A WITHOLDING TAX FOR NON-RESIDENTS OD CANADA

✦ A withholding tax in real estate transactions arises when a non-resident of Canada sells property located in Canada.

✦ A non-resident seller is obliged to notify the Canada Revenue Agency (CRA) about the upcoming transaction and to pay taxes before or immediately after the deal is closed.

✦ This 4-step process is explained in details in an information circular (IC72-17R6) issued by the CRA and named “Procedures concerning the disposition of taxable Canadian property by non-residents of Canada – Section 116”.

✦ Why is it important to start this process immediately after a non-resident seller has decided to sell a property?

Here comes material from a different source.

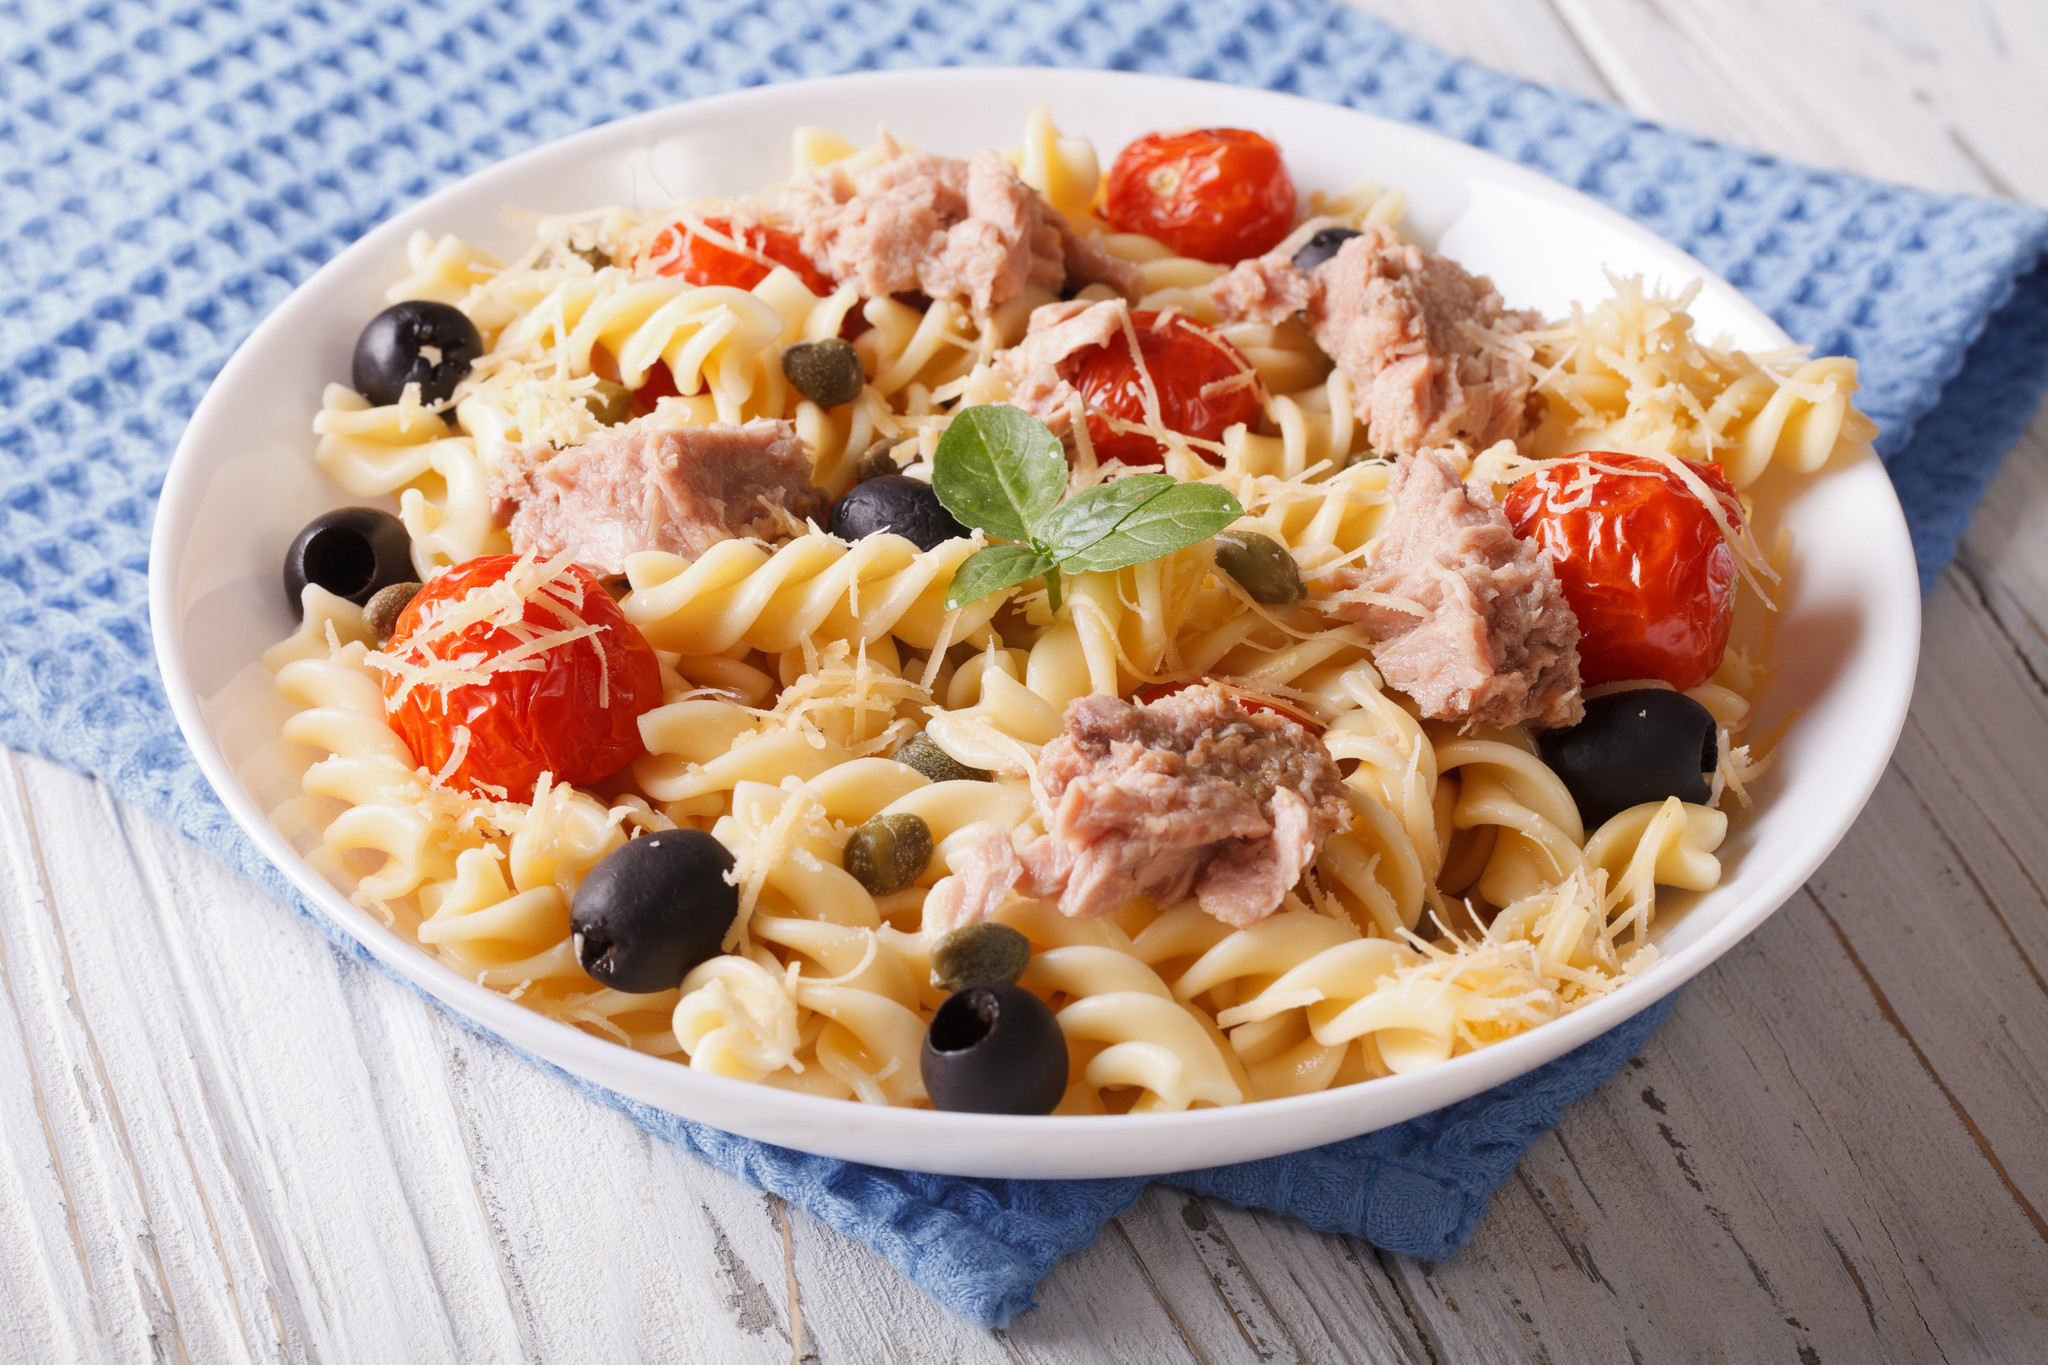 Tonijnschotel met gnocchi-pasta, arrabiata saus & groenten

✦ It will ease the seller’s life. If the process is completed before the closing date, (i.e. the notice in the prescribed form submitted to CRA) the taxes calculated in this notice are paid and the certificate of compliance is obtained, the seller will obtain the full amount of the sale proceeds on the closing date.

✦ If by the closing date, nothing is done, the purchaser is entitled to withhold 25% of the purchase price and has the right to remit the whole amount to CRA after 30 days from the end of the month in which the property was acquired.

✦ It’s worth to mention that when a non-resident seller complies with the law requirement to submit the notice to CRA within the prescribed time, the seller will have to pay 25% of withholding tax calculated as the difference between the purchase and the sale price, but in case the seller does not comply with the law requirement, the law allows the purchaser to withhold and remit to CRA 25% of the purchase price which is much higher than the first-mentioned amount.

✦ For example, if the non-resident seller bought the house for $100,000.00 and sold the house for $150,000.00, the seller will need to fill in the Notice and pay 25% of the difference between $150,000.00 and $100,000.00 which is $12,500.00. The amounts might be lower depending on the personal situation of the seller. An experienced accountant is a great value in this case.

✦ In case the seller does not comply with the law and does not submit the Notice within the prescribed time, the purchaser may withhold 25% of the purchase price (using the example up there, that would be $37,500 of the price that the house was sold for, which was $150,000.00)

✦ In practice, the purchaser’s lawyer withholding the amount equal to 25% of the purchase price is quite rare. Normally, the seller submits the Notice to CRA before the closing date or within 10 days after the closing date as it’s prescribed by law. The seller’s lawyer keeps in trust the amount equal to 25% of the purchase price. The Seller’s lawyer makes the required tax payments to CRA for the Seller and releases the balance to the Seller upon the receipt of the certificate of compliance from CRA.

✦ As I mentioned above, an experienced accountant is necessary for the successful completion of the task. The accountant properly calculates the amounts required for the Notice and successfully communicates with CRA should any questions arise.